As long as Green Party candidate Jill Stein presses for a recount of election results, Donald Trump will continue to deliver accusations of widespread voter fraud, a spokesman for the president-elect suggested Monday.

“If this much attention and oxygen is going to be paid to a frivolous fundraising scheme, then there should be substantive looks at voter fraud and illegal immigrants voting,”  Trump transition spokesman Jason Miller, referring to Stein’s fundraising efforts to pay for the recount, said during a call with reporters Monday.

Miller would not say whether a Trump administration would be willing to investigate either of those claims, but he added, “If so much time and attention is going to be given to recount issues, we’re going to talk about some of the other concerns that are out there.”

Neither side has offered proof of mass irregularities that could sway the results of the election, and Democratic candidate Hillary Clinton, whose campaign will participate in Stein’s recount push, has already conceded. But Trump, who is expected to win the Electoral College when it votes next month despite losing the popular vote on Election Day, baselessly claimed Sunday that he “won the popular vote if you deduct the millions of people who voted illegally.” He went on to claim allege “serious voter fraud” in Virginia, New Hampshire and California, three states he lost. Top election officials in those states issued remarks Monday rebutting Trump’s comments.

Miller did not provide any evidence of illegal voting in the November election. Instead, he pointed to a 2014 Washington Post study arguing that non-citizens could sway the vote in that year’s elections (multiple other reports offered opposing results). He also noted a Pew study from 2012 on invalid voter registrations.

Miller scoffed at the unfolding recount effort in some Rust Belt states, calling the media’s focus on it “ridiculous.”

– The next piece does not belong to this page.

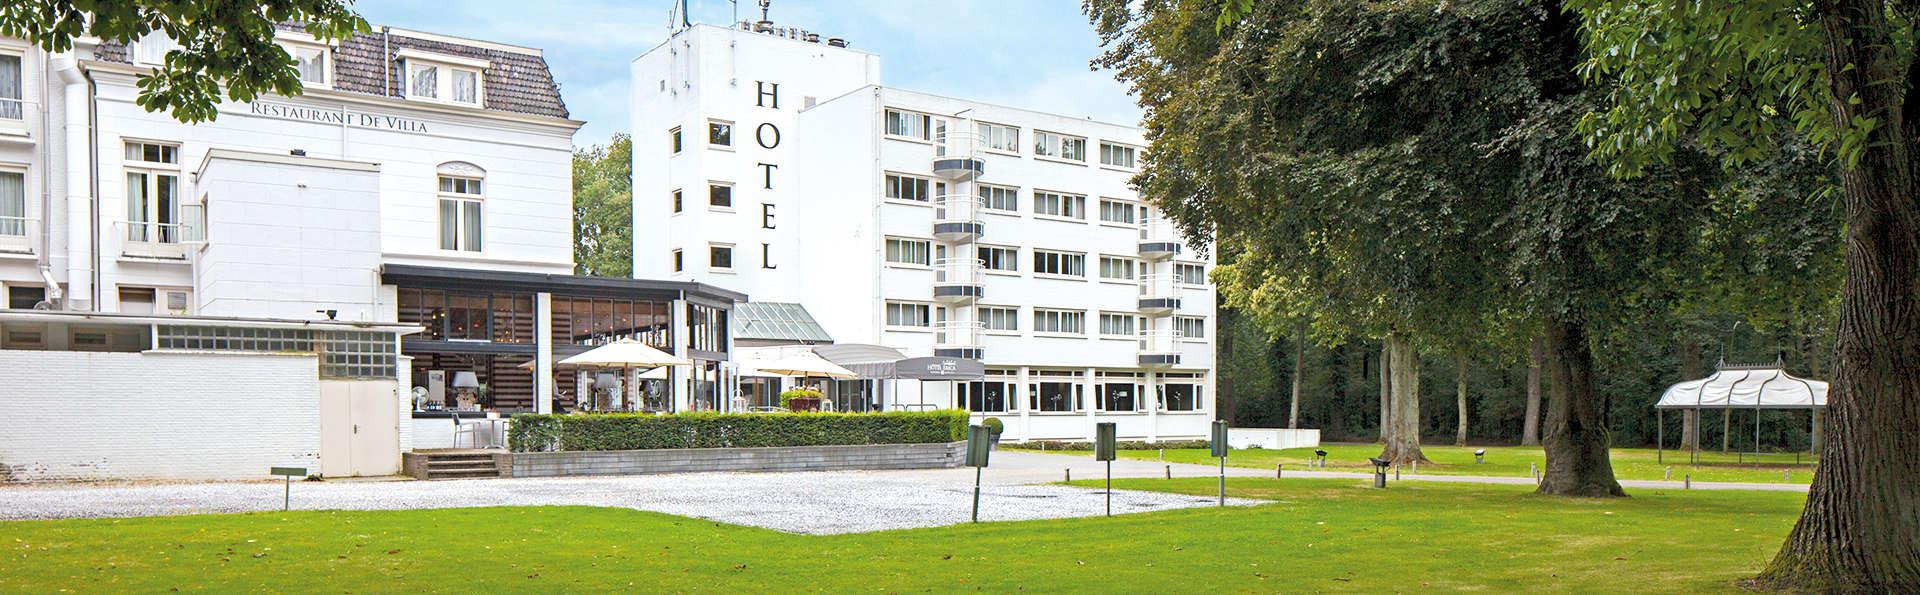 Fletcher Hotel-Restaurant Erica - Edit_Front3.jpg
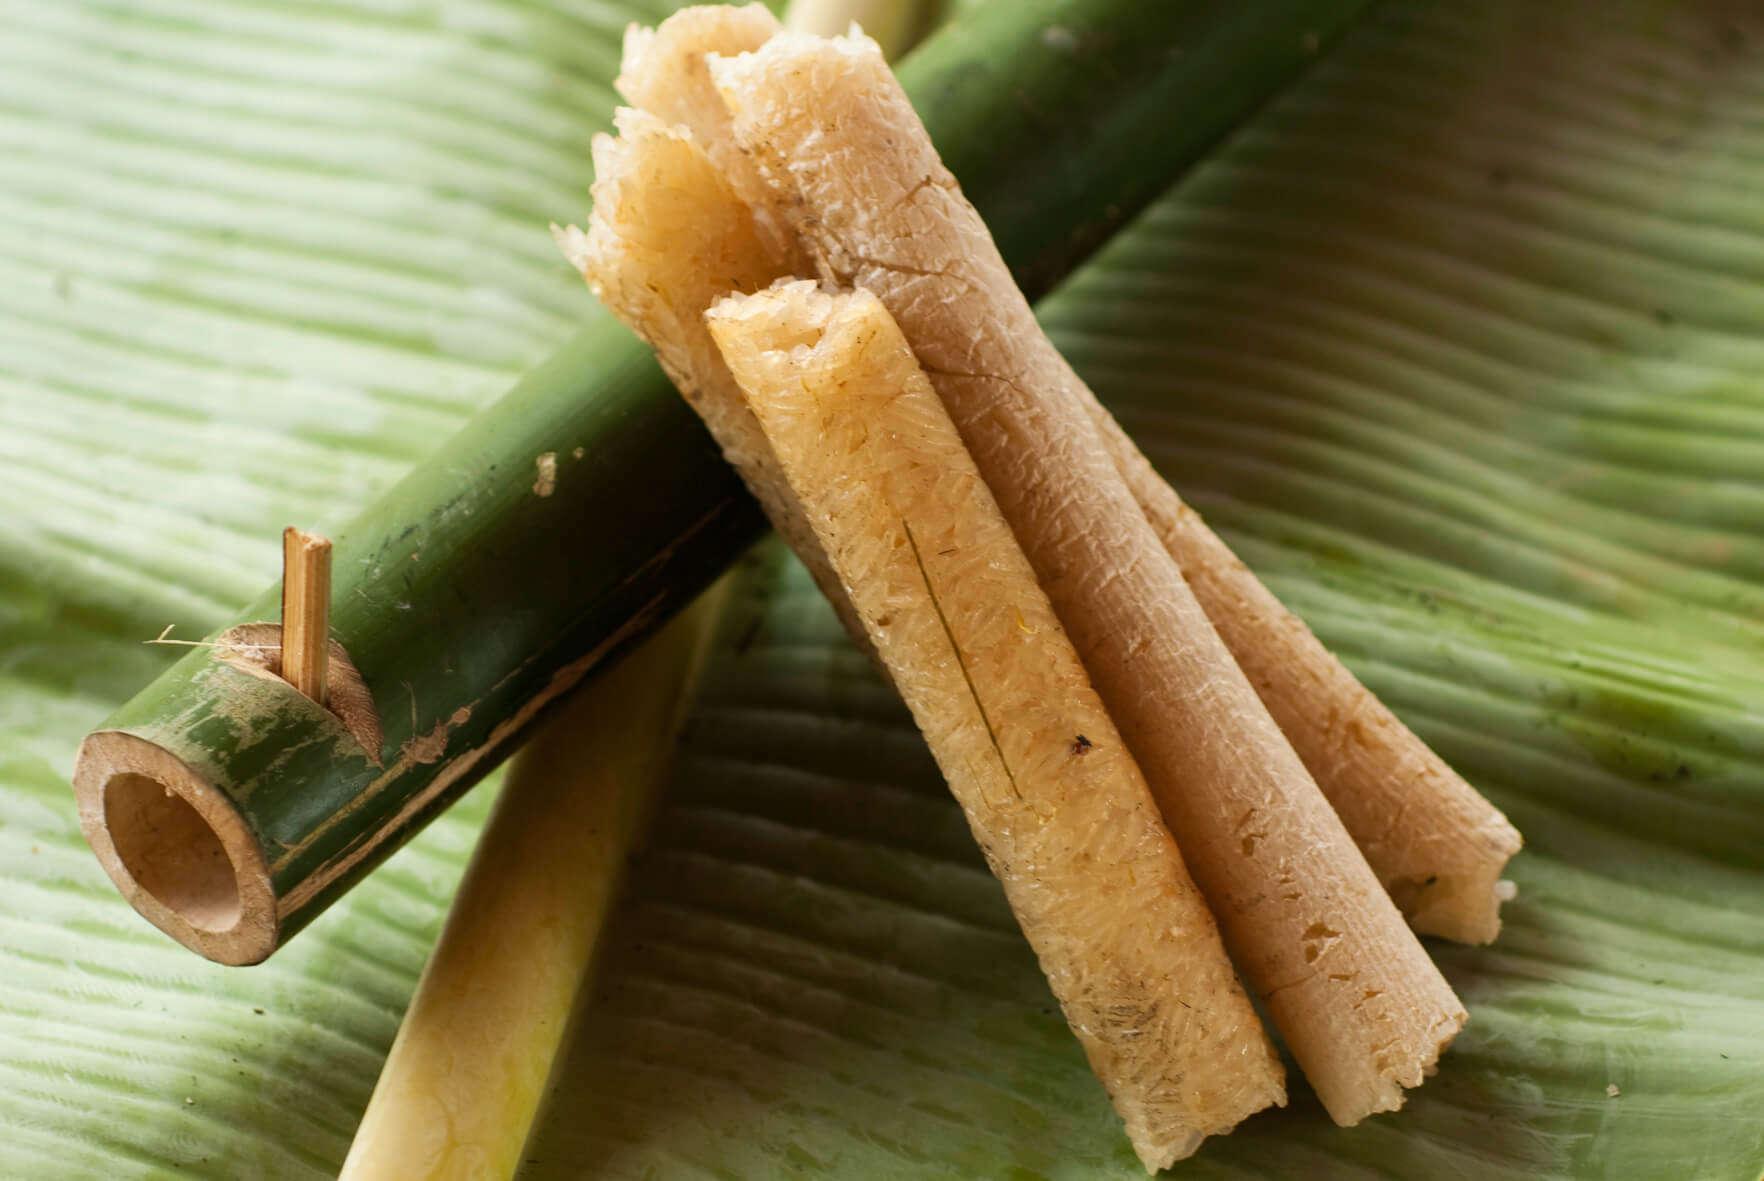 bamboo,rice,laos,laosfood

On Monday, the Wisconsin Elections Commission rejected an effort by Stein’s campaign to have the votes recounted by hand, the Milwaukee Journal-Sentinel reported. Instead, it will be up to elections officials in each of the state’s counties to decide how to precede.

Marc Elias, a lawyer for Clinton’s campaign, wrote in a post on Medium over the weekend that the campaign’s engagement in Stein’s recount effort came after it received “hundreds” of messages urging them to investigate whether results were “hacked and altered in a way to disadvantage Secretary Clinton.”

Along with Wisconsin, Elias said Clinton’s supporters were also interested in Michigan and Pennsylvania, both states Trump won narrowly in November. Stein filed Monday to begin the process in the Keystone State and said she plans to do the same in Michigan.